**Exercise requirements**
The stretch from the line with "脉冲式除尘器使用的操作流程规范" through the line with "Análisis grafológico a" in the records below: write it out exactly, and nothing else.

**Data**
=-=-=-=-=

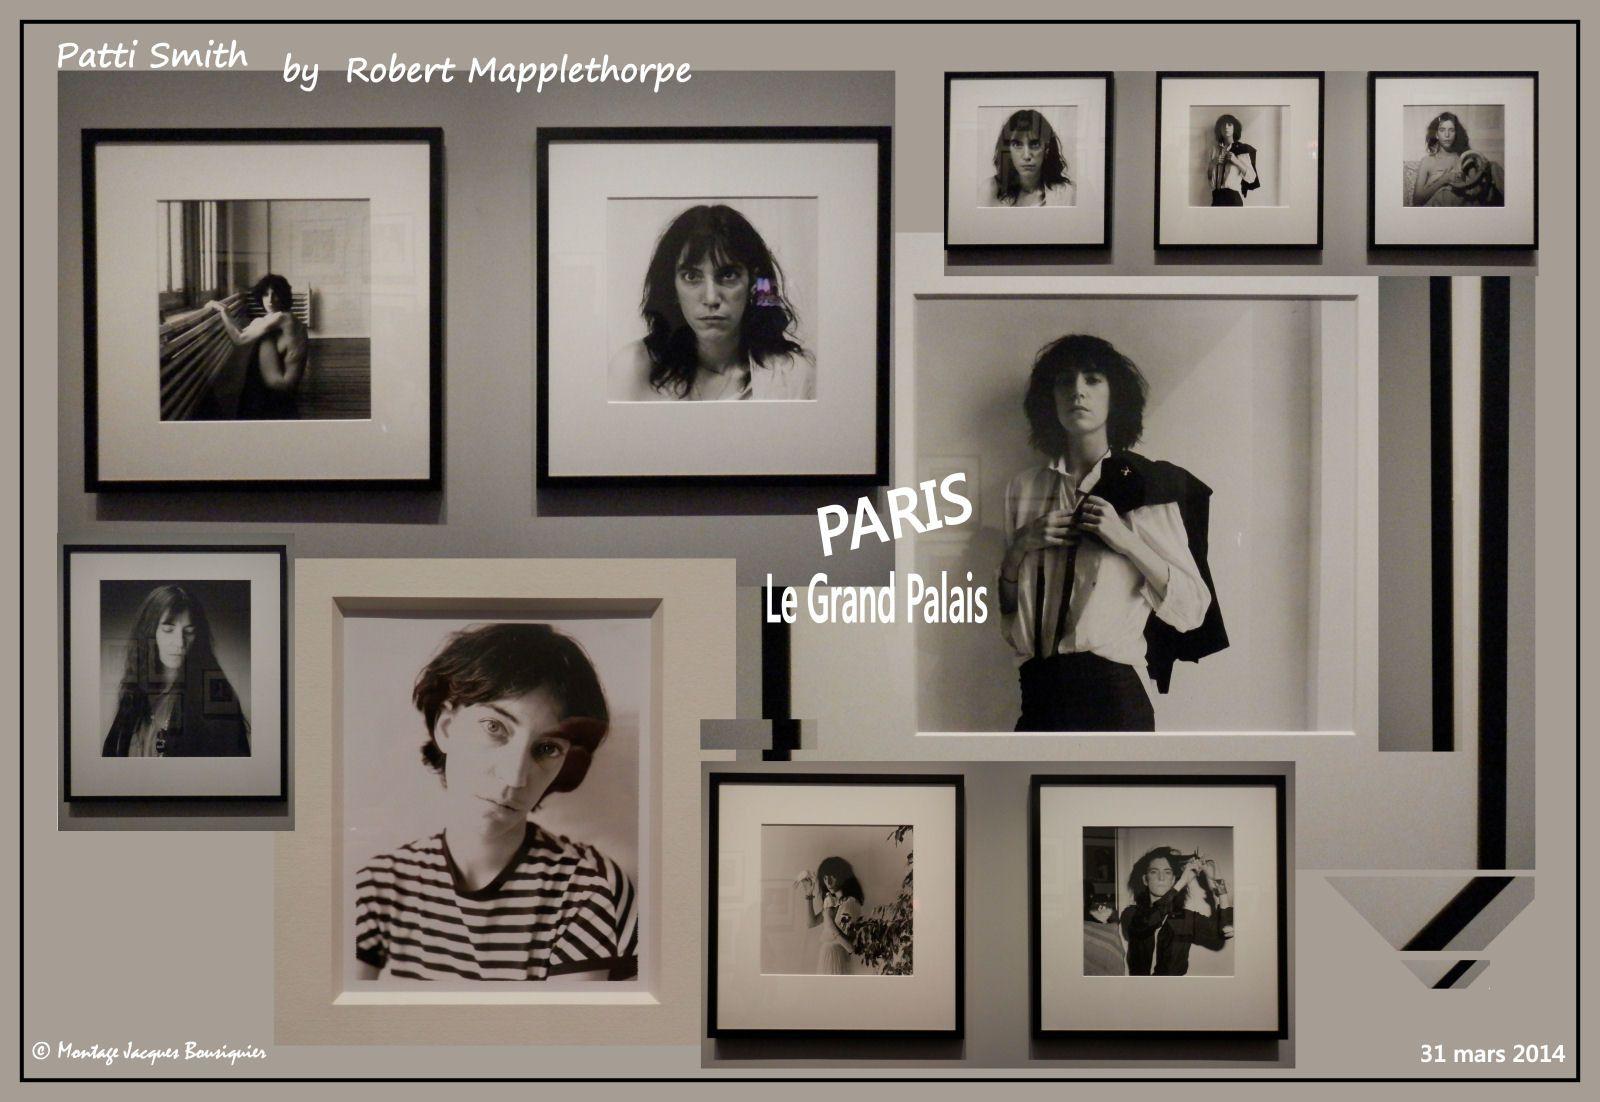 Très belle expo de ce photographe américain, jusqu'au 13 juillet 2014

=-=-=-=-=

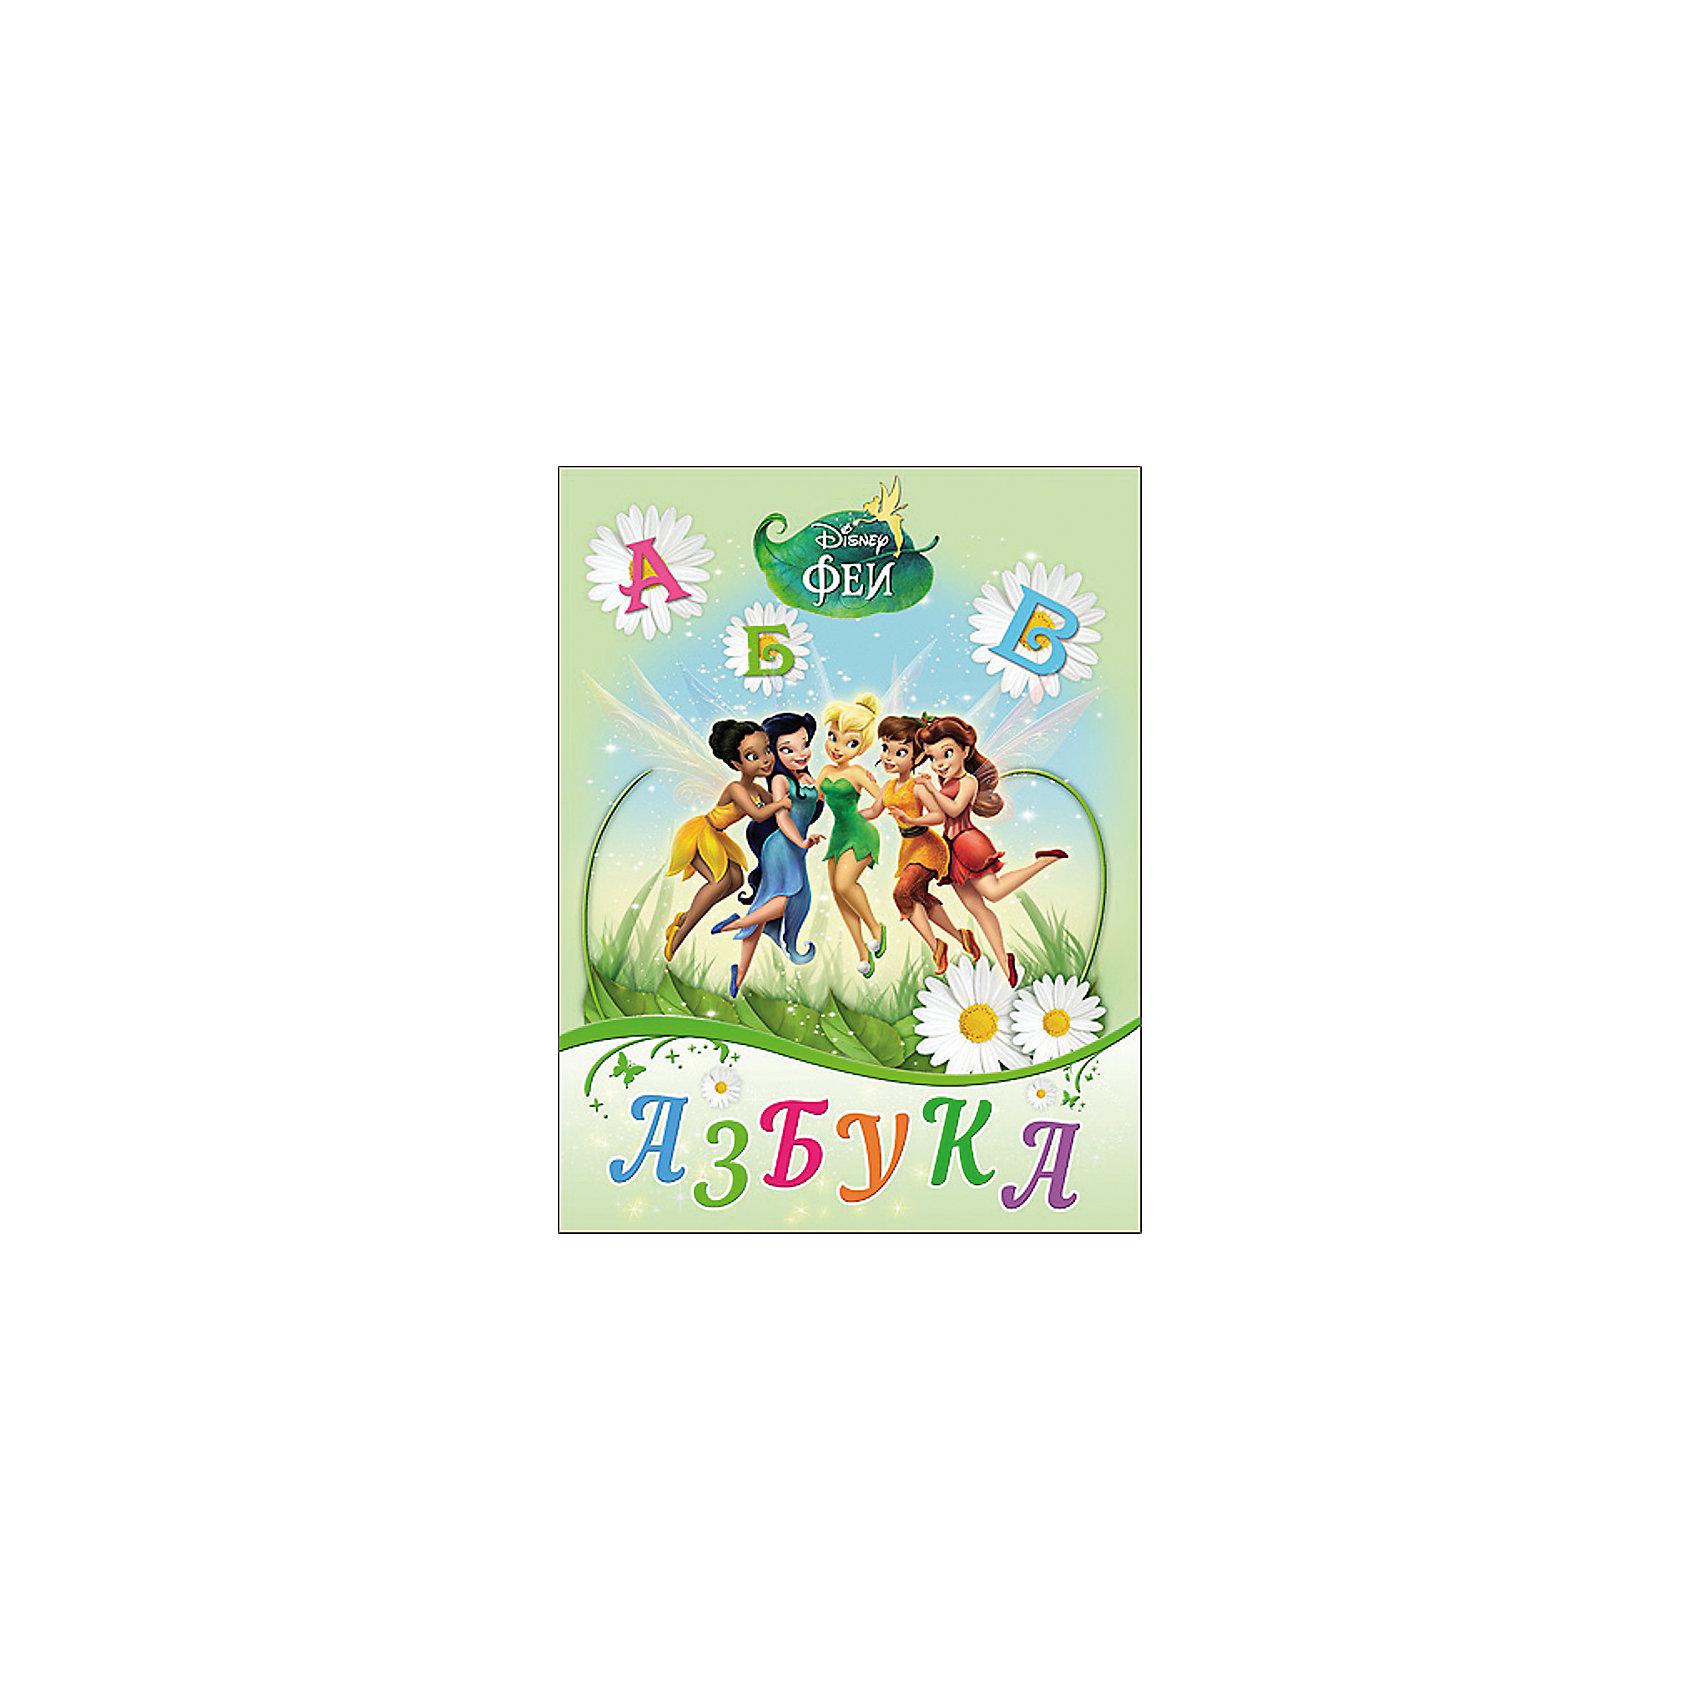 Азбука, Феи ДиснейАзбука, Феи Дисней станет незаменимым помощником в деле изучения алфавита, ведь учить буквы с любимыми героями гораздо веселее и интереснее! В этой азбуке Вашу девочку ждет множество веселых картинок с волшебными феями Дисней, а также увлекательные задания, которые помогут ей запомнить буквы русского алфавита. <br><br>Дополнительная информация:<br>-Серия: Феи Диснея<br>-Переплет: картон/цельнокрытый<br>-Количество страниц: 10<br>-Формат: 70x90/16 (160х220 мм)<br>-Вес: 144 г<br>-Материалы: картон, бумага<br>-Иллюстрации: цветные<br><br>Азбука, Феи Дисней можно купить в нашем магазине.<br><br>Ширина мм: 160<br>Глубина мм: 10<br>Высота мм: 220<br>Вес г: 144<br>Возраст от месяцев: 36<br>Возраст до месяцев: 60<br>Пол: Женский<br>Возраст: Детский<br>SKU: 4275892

=-=-=-=-=

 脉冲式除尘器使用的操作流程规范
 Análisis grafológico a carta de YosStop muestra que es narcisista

=-=-=-=-=

**Response**
 脉冲式除尘器使用的操作流程规范
 Análisis grafológico a carta de YosStop muestra que es narcisista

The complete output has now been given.